**THE DATA**
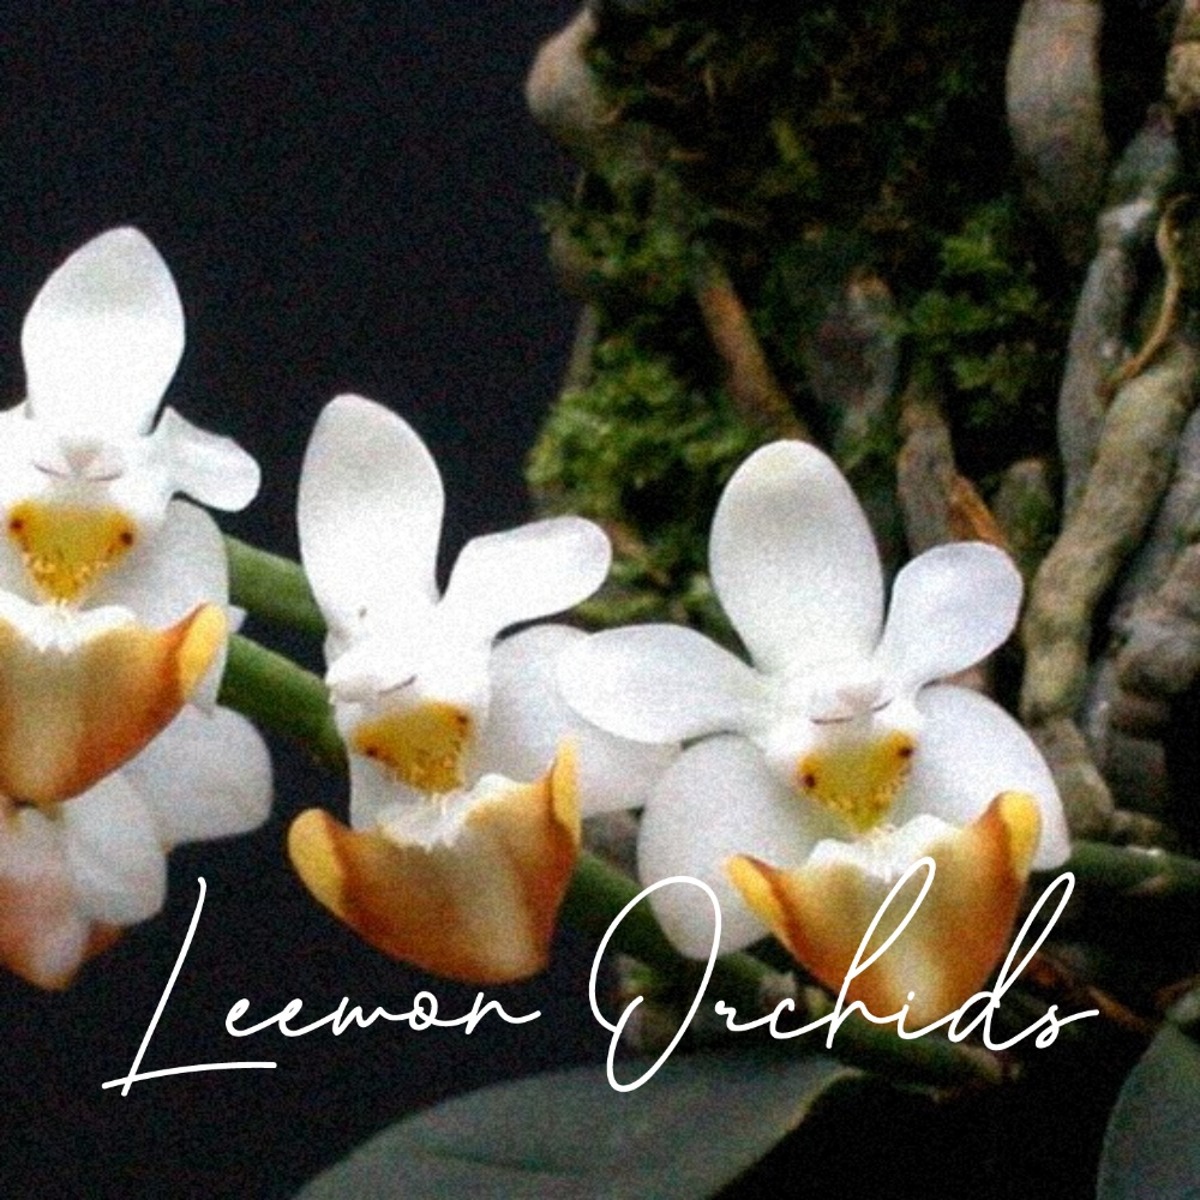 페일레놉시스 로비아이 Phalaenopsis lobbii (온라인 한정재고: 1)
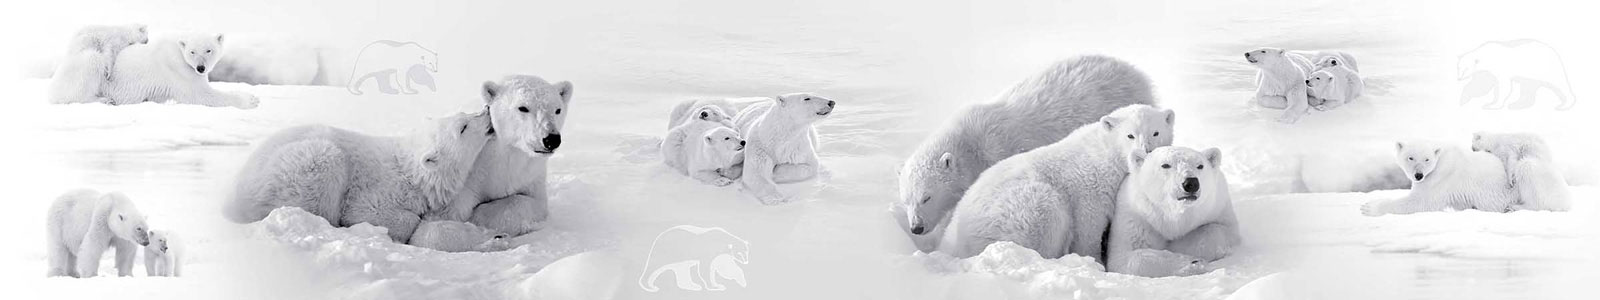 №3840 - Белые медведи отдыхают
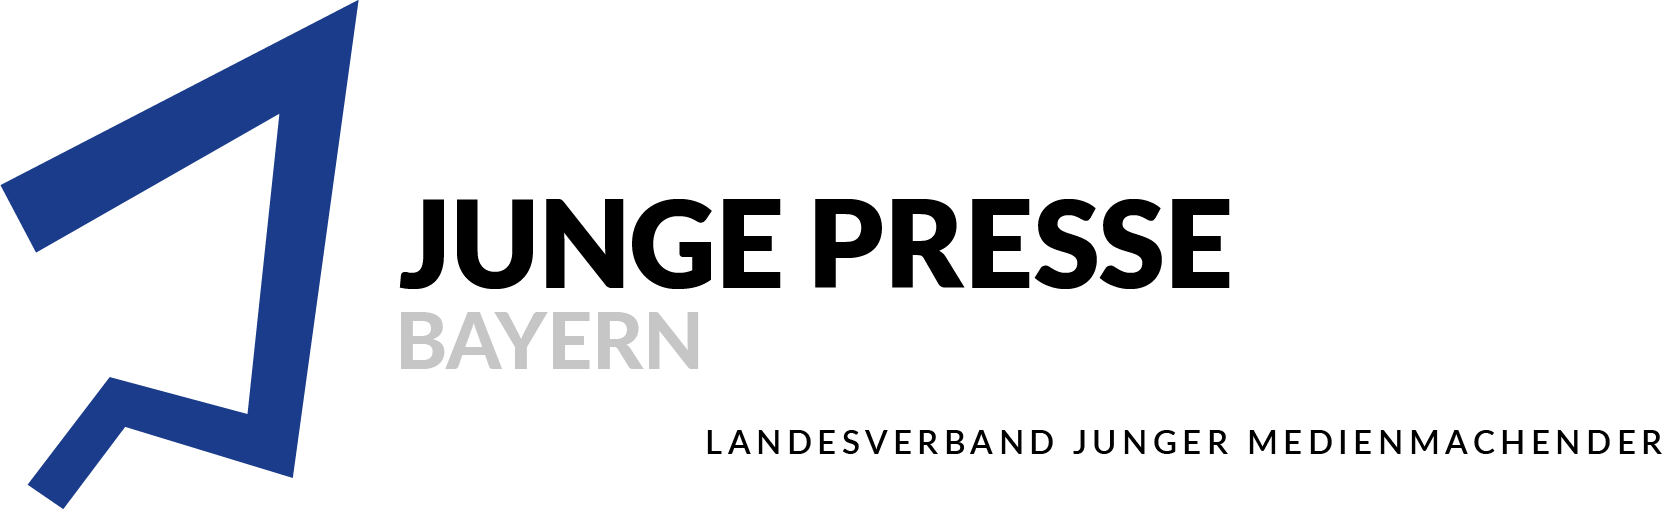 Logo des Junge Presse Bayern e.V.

**WHAT YOU WILL DO**
Please reproduce verbatim the lines from the line with "Белые медведи отдыхают" through the final line of the listing, inclusive of both ends. Omit all pictures.

**ANSWER FOR THIS EXERCISE**
 №3840 - Белые медведи отдыхают
 Logo des Junge Presse Bayern e.V.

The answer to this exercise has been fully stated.